Producer Masterclass SOLARDO
Solardo’s blend of big bass and house might be riding the crest of a wave, but for one half of the duo, it’s been a long and sometimes difficult journey. Ahead of dissecting his latest CR2 Records release, we talk tech with Mark Foster, discover how Aphex Twin brought dubstep to the world, and learn why setting trends rather than following them is key. And then he reveals something incredibly spooky…
Mark Foster is certainly in a reflective mood, but with over two decades of music production in a wide variety of styles - perhaps too wide as we eventually discover - he’s got a lot to reflect on. After discovering music production by way of cheap looping software, he fell in step with Reason, became something of a dubstep and grime pioneer in the 2000s before a brush with celebrity and taking his eye off the ball left him with ‘one more shot’ at making it in music production.
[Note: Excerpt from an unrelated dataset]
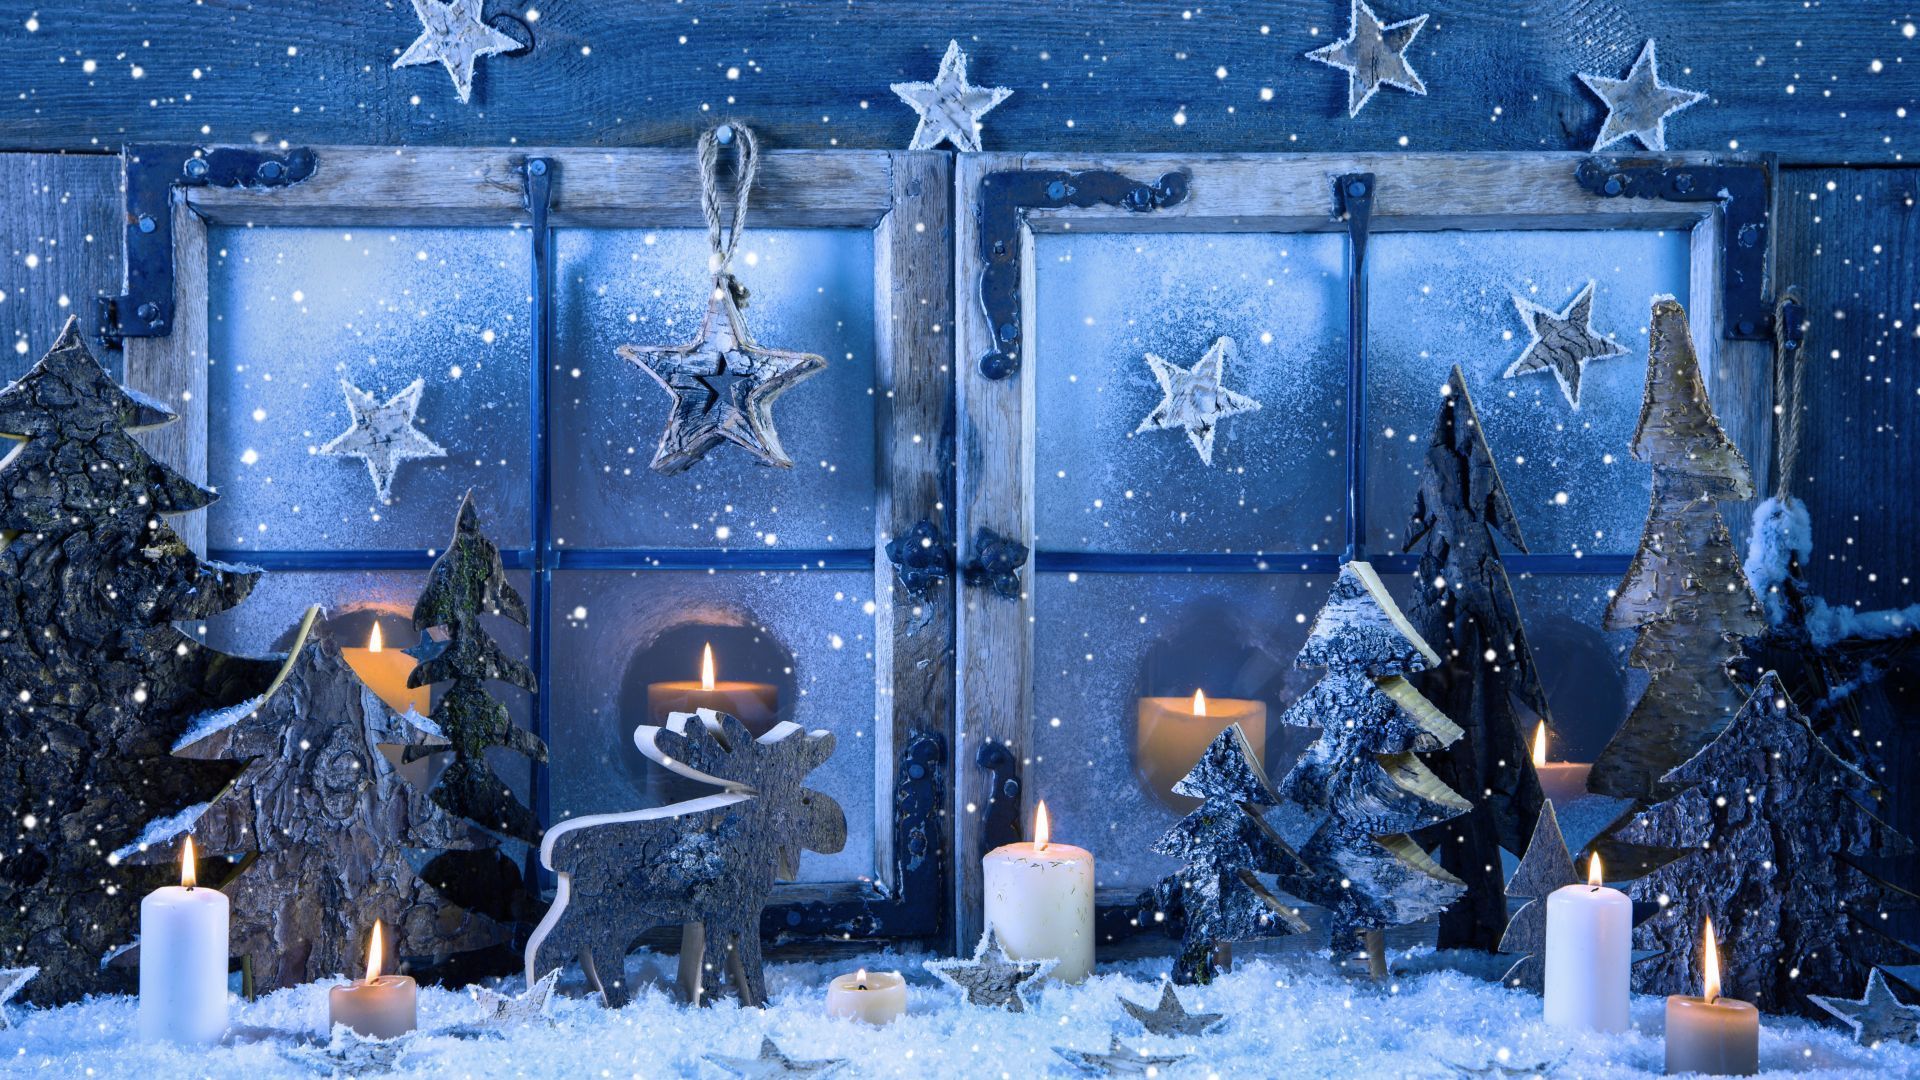 Christmas, New Year, Decorations, Candle, Snow, Fir Tree, Star (horizontal). Candles Wallpaper, Christmas Wallpaper, Christmas Window Decorations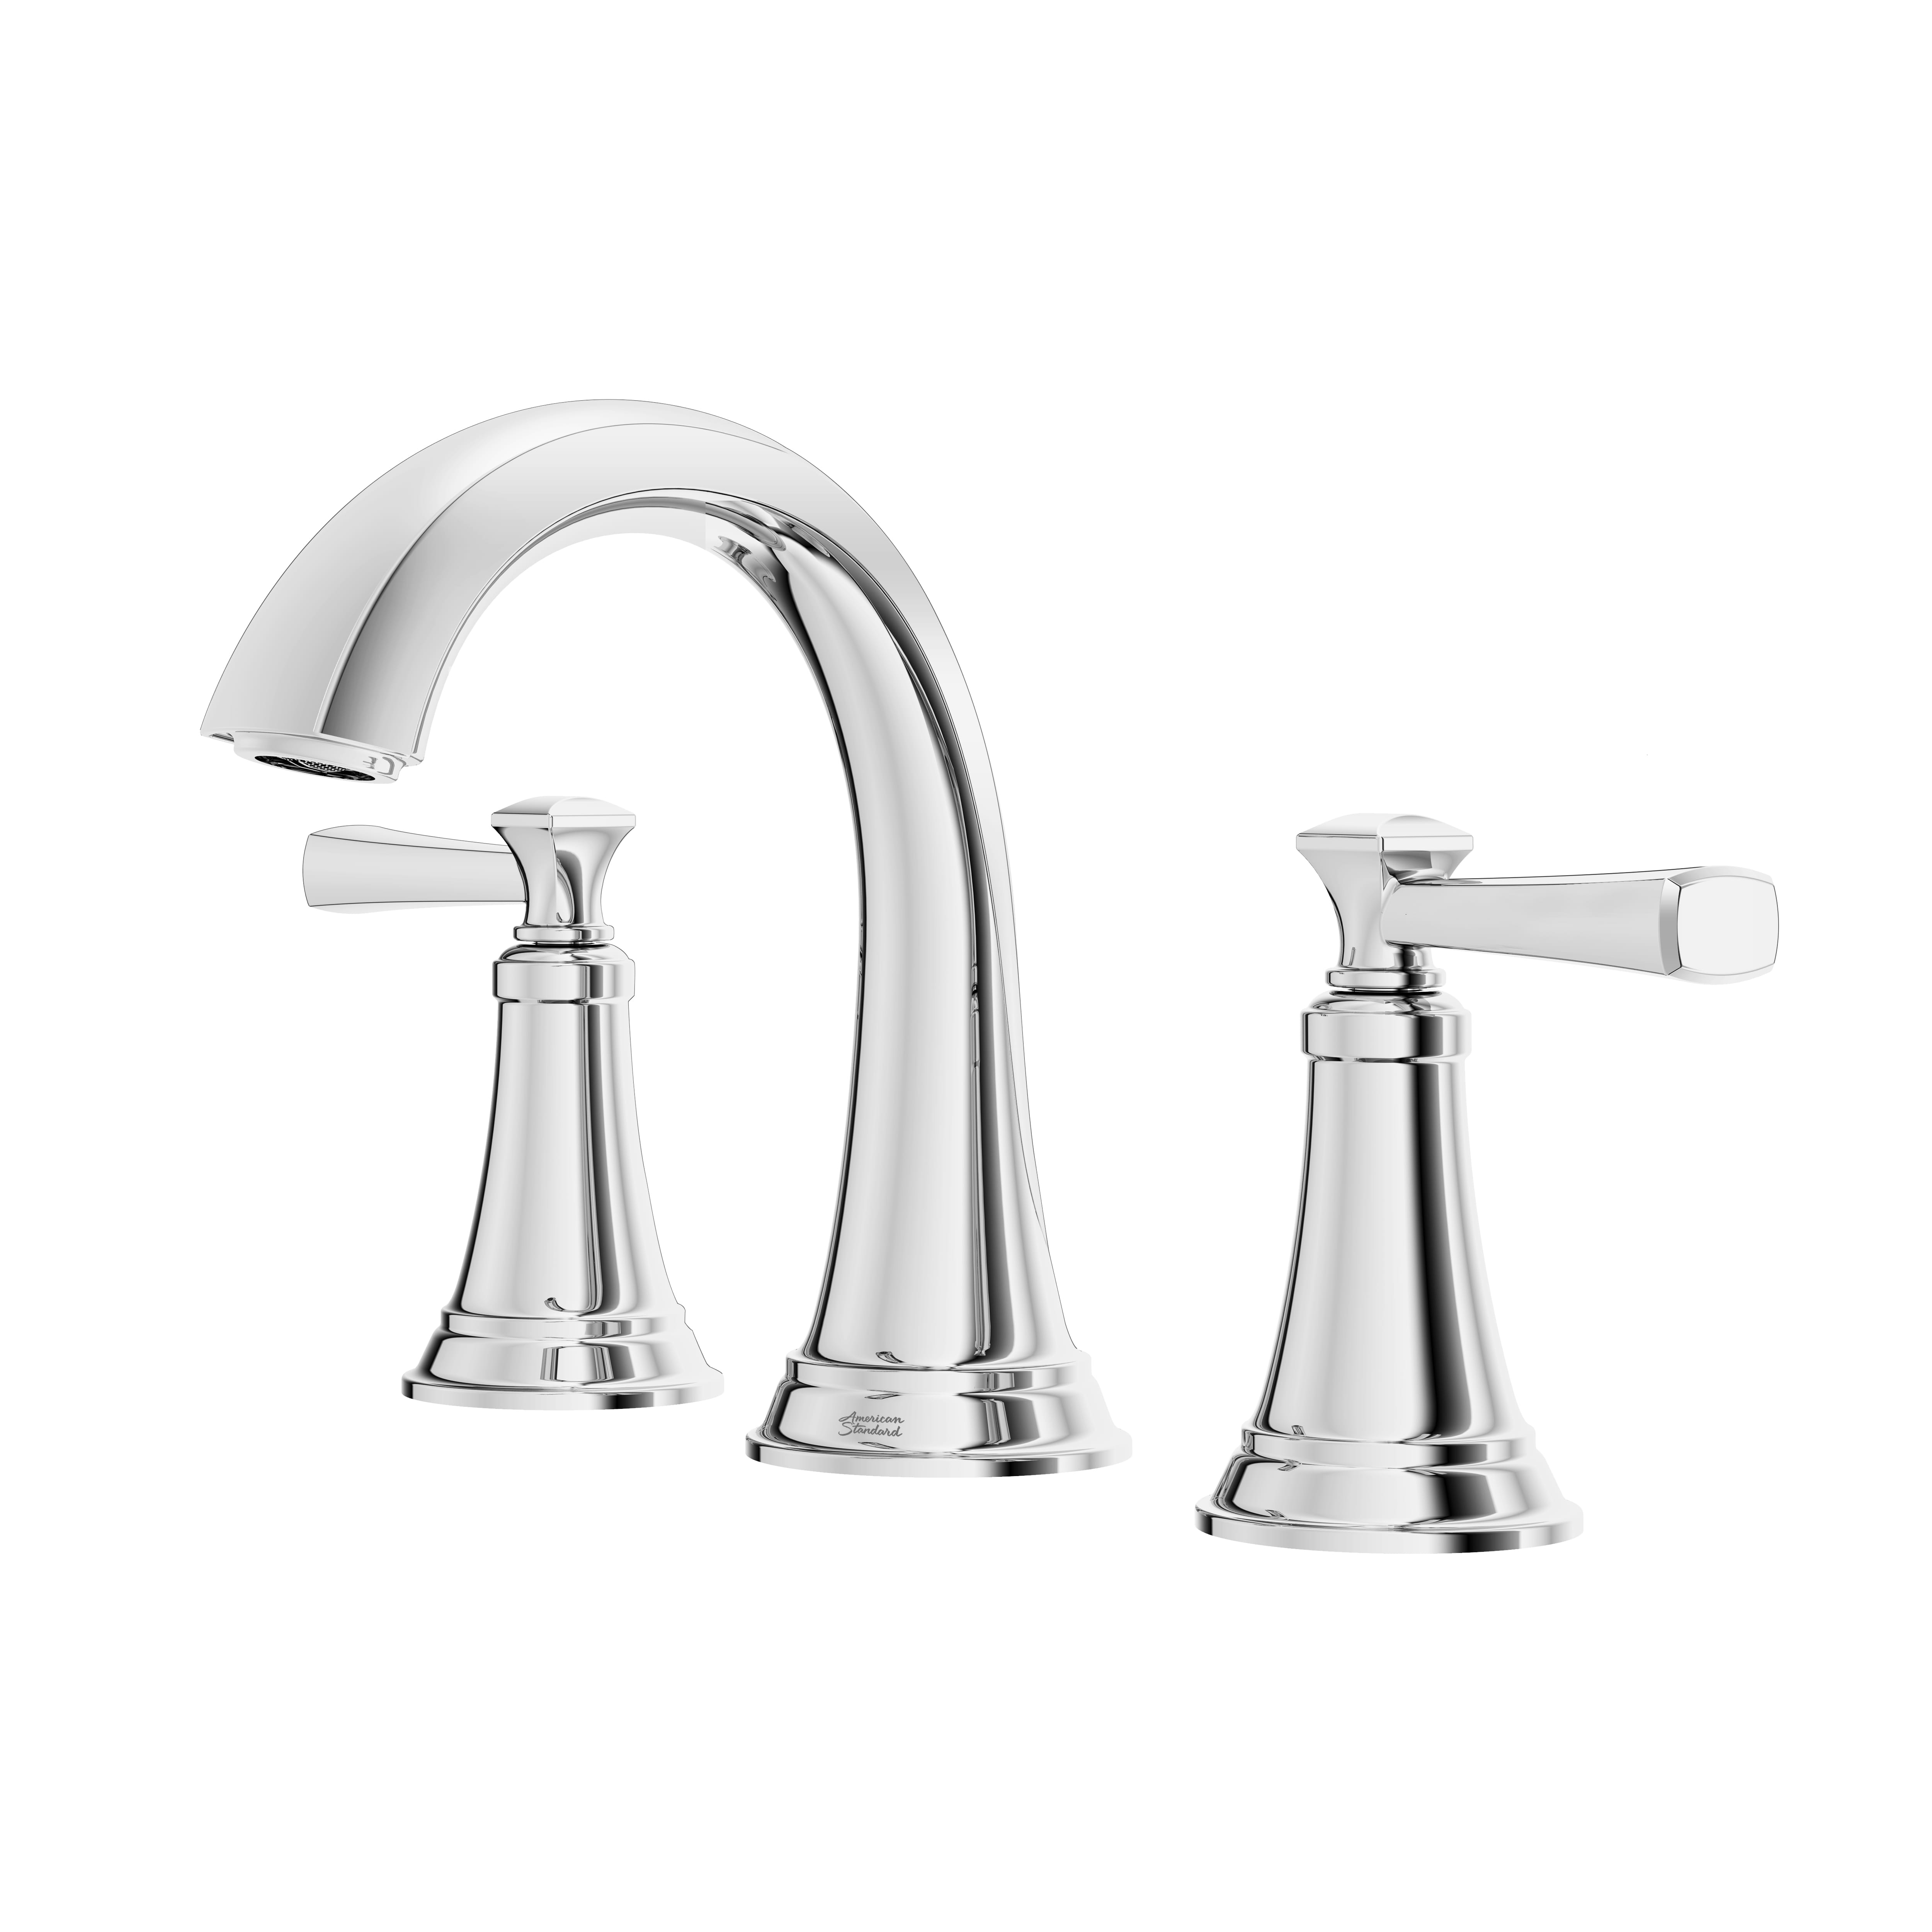 Rumson 8 In Widespread 2 Handle Bathroom Faucet 12 GPM with Lever Handles POLISHED CHROME

In Solardo and new music partner James Barlow just that shot presented itself… and he’s taken it with gusto.
The duo have certainly made waves with their cutting-edge blend of bass house that initially saw them borrow from the very roots of Manchester music - with acid house motifs and beats - to produce an updated Manchester house sound that’s won them fans from many genres, and collaborations/remixes with everyone from Calvin Harris to Duke Dumont and Gorgon City.
With sold-out shows across the globe, appearances lined up across Europe and releases with Harris’s Love Regenerator outfit lined up for later this year, Solardo are at the top of their game. A new sample collection with CR2 Records is out as we speak and it’s time for Mark to dissect one of the tracks he lays bare for that collection in this special Producer Masterclass. Before we get to that, though, there’s a lot of water under the Foster bridge to discuss. Lots of highs and lows and much of it intrinsically linked to music software - different versions, different titles, cracked and not cracked. Foster now believes in the power of attraction and positivity - and with a story that will blow your mind (just you wait). With everything Solardo now coming up smelling of success, let’s look back at his history, it’s easy to see why…
Student to dubstepper
“I started Djing when I was 18, putting on a drum & bass night at Stockport University when I was 18,” Mark begins. “My room-mate was into drum & bass too and we DJ-d as MI6 and decided to start making tunes. We used something like [PC loop-based software] Music 200, just putting blocks together on screen. Obviously the sound quality was horrendous but we got some decent tunes out of it.
“We were sampling records and sent out tracks to everyone and signed a couple to Kenny Ken, the jungle DJ. It was around 1999 so I can’t remember too many of the details! We had a couple of releases on small labels but then Reason came out and we heard it had everything from a studio in one box, so we sacked off going to lessons and just got into that. We had a couple of releases then but it wasn’t really getting too far.”
Mark eventually moved to Sheffield and met the DJ, Oris Jay, one of the pioneers of the then unnamed genre that would become dubstep. Indeed it was Jay who introduced Foster to this burgeoning form of music. “He said ‘I‘ve started making this kind of dark garage, similar to drum & bass but slow in tempo, you should try it’,” Mark recalls.